**Your instructions:** All lines from the one containing "Punk Rock kojinės" through the last line of the listing below are to be copied exactly. Exclude the pictures.

**Dataset section:**
----------

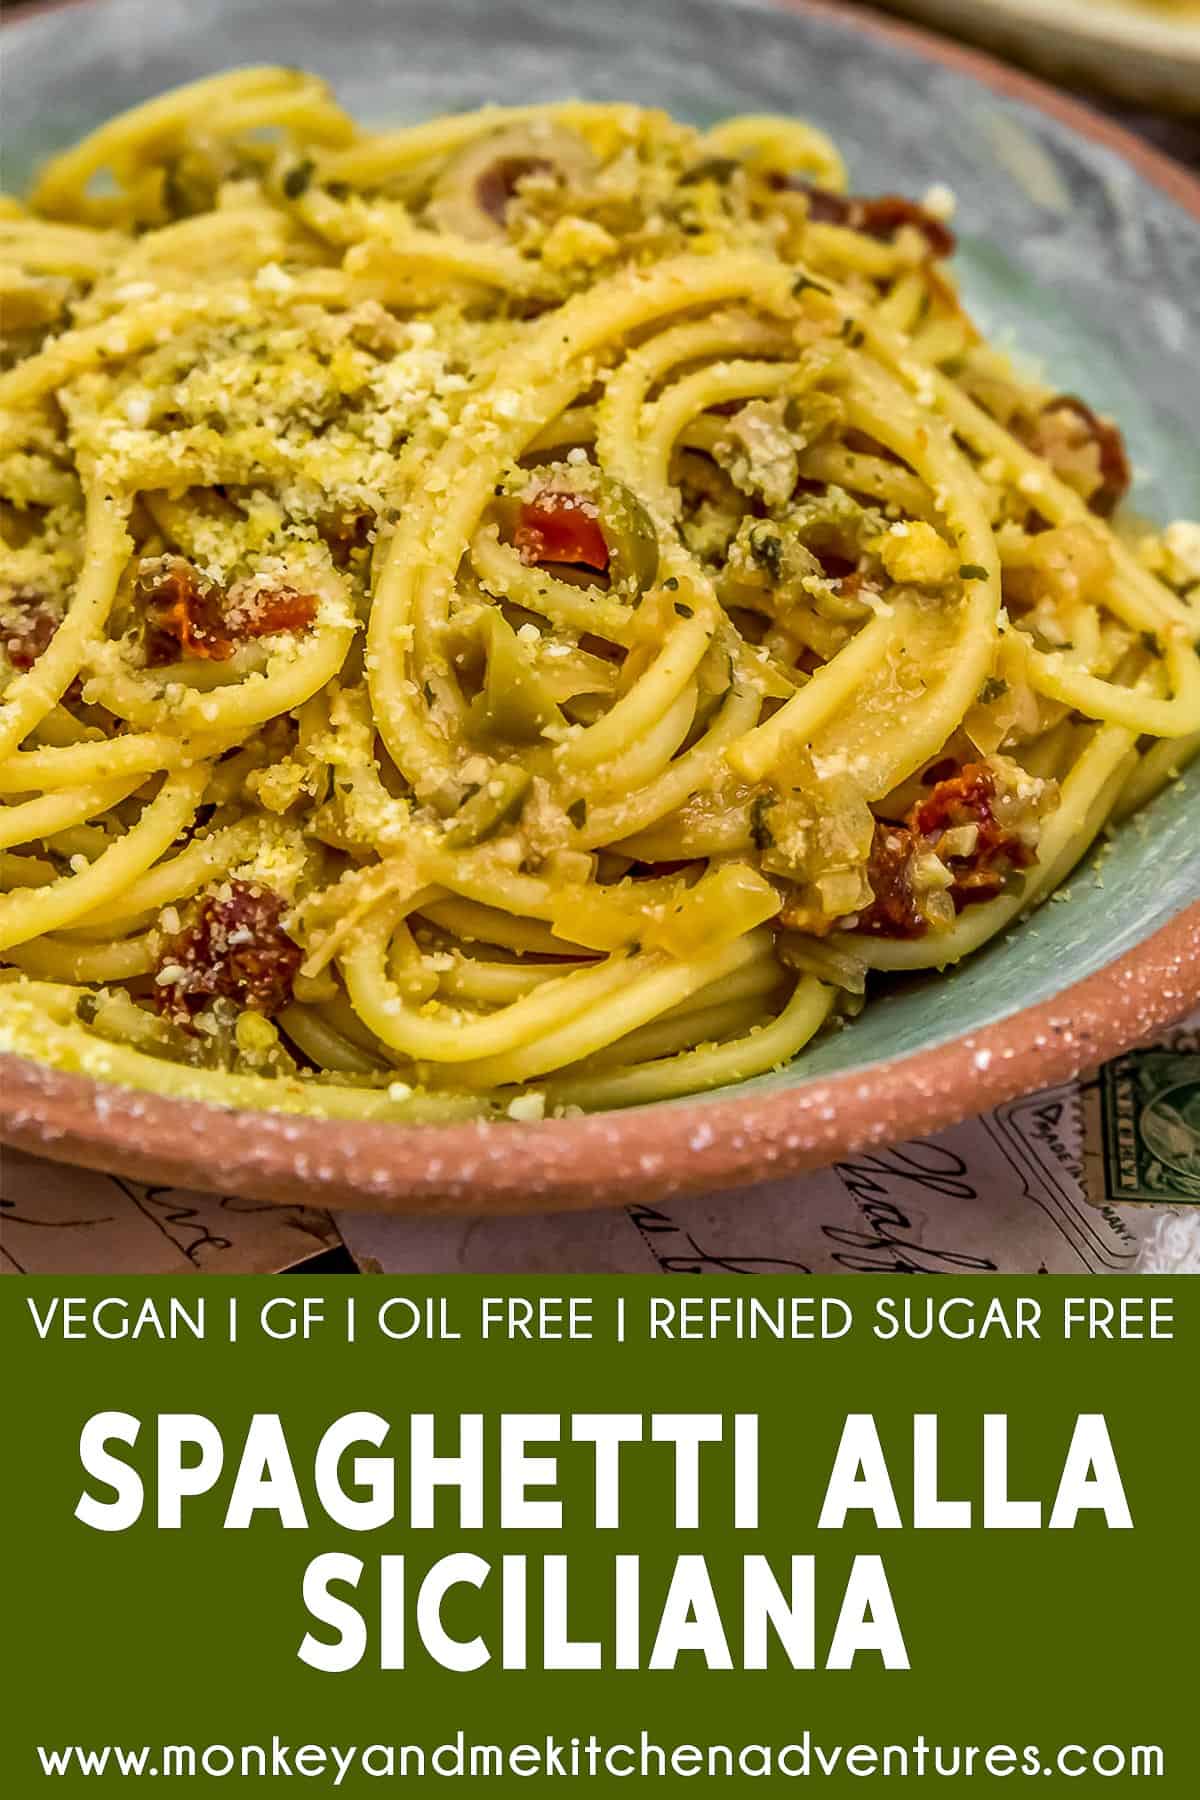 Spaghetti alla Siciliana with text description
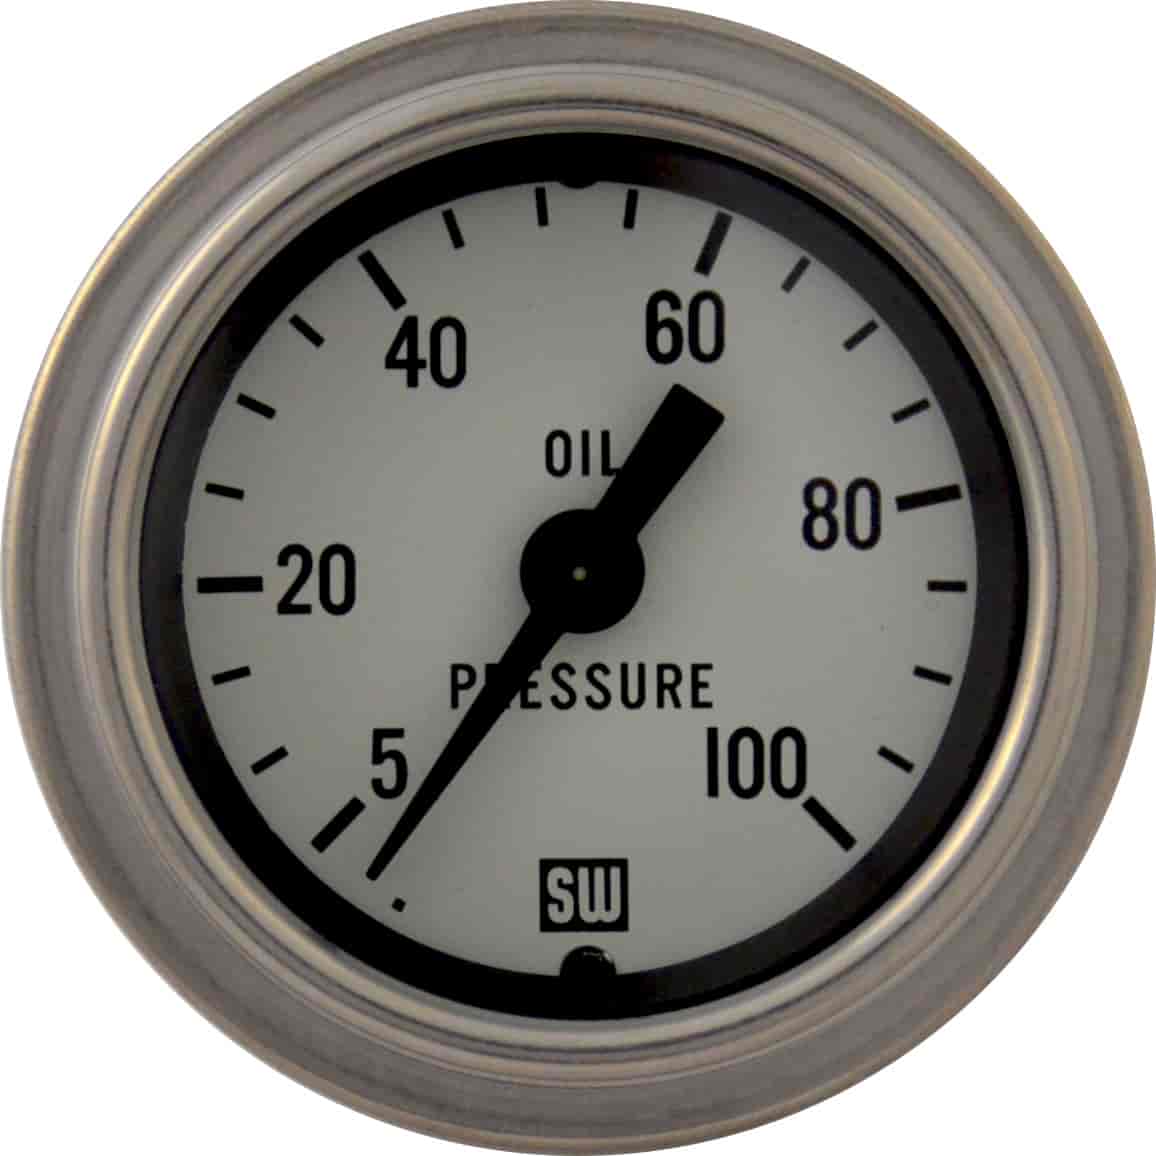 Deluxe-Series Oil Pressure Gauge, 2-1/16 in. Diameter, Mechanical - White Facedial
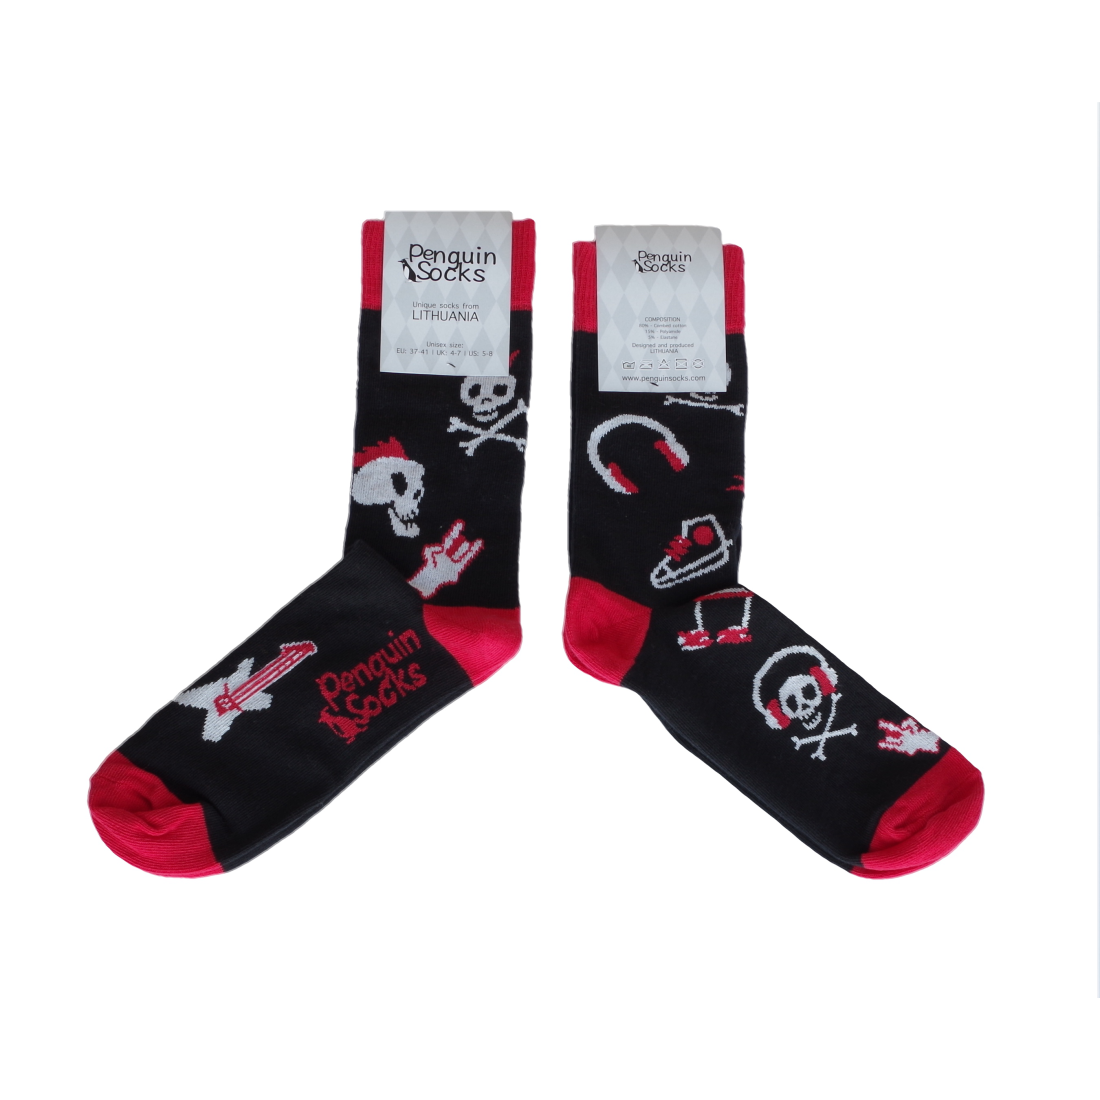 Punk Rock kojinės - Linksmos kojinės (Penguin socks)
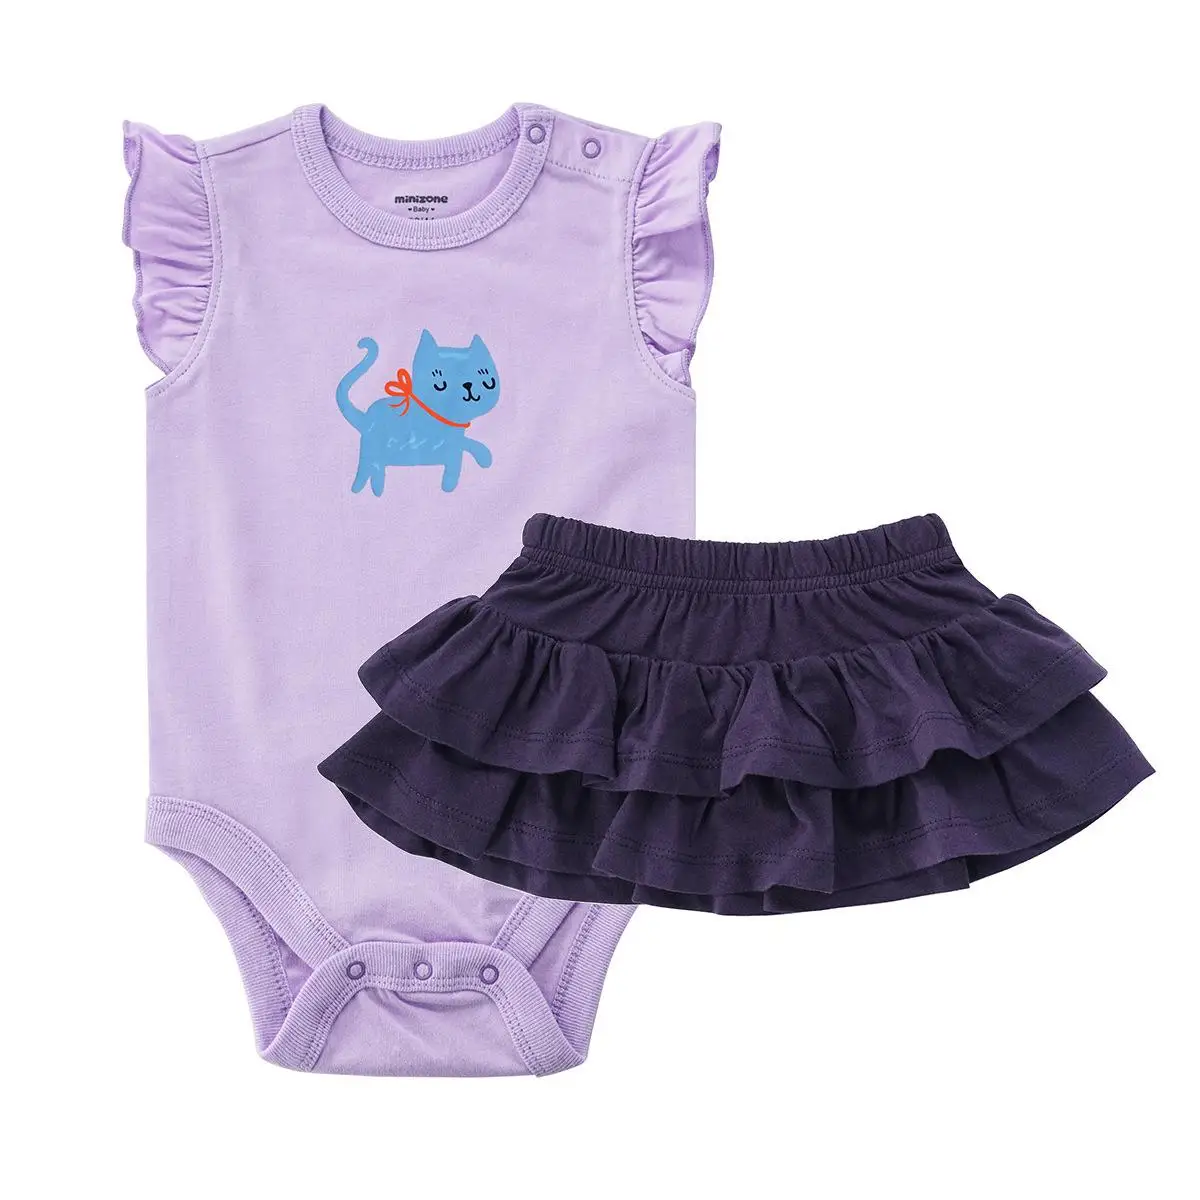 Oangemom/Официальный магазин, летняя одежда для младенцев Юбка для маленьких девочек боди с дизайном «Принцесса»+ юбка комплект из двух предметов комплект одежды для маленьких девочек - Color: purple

----------

**Response area:**
 Punk Rock kojinės - Linksmos kojinės (Penguin socks)
 Oangemom/Официальный магазин, летняя одежда для младенцев Юбка для маленьких девочек боди с дизайном «Принцесса»+ юбка комплект из двух предметов комплект одежды для маленьких девочек - Color: purple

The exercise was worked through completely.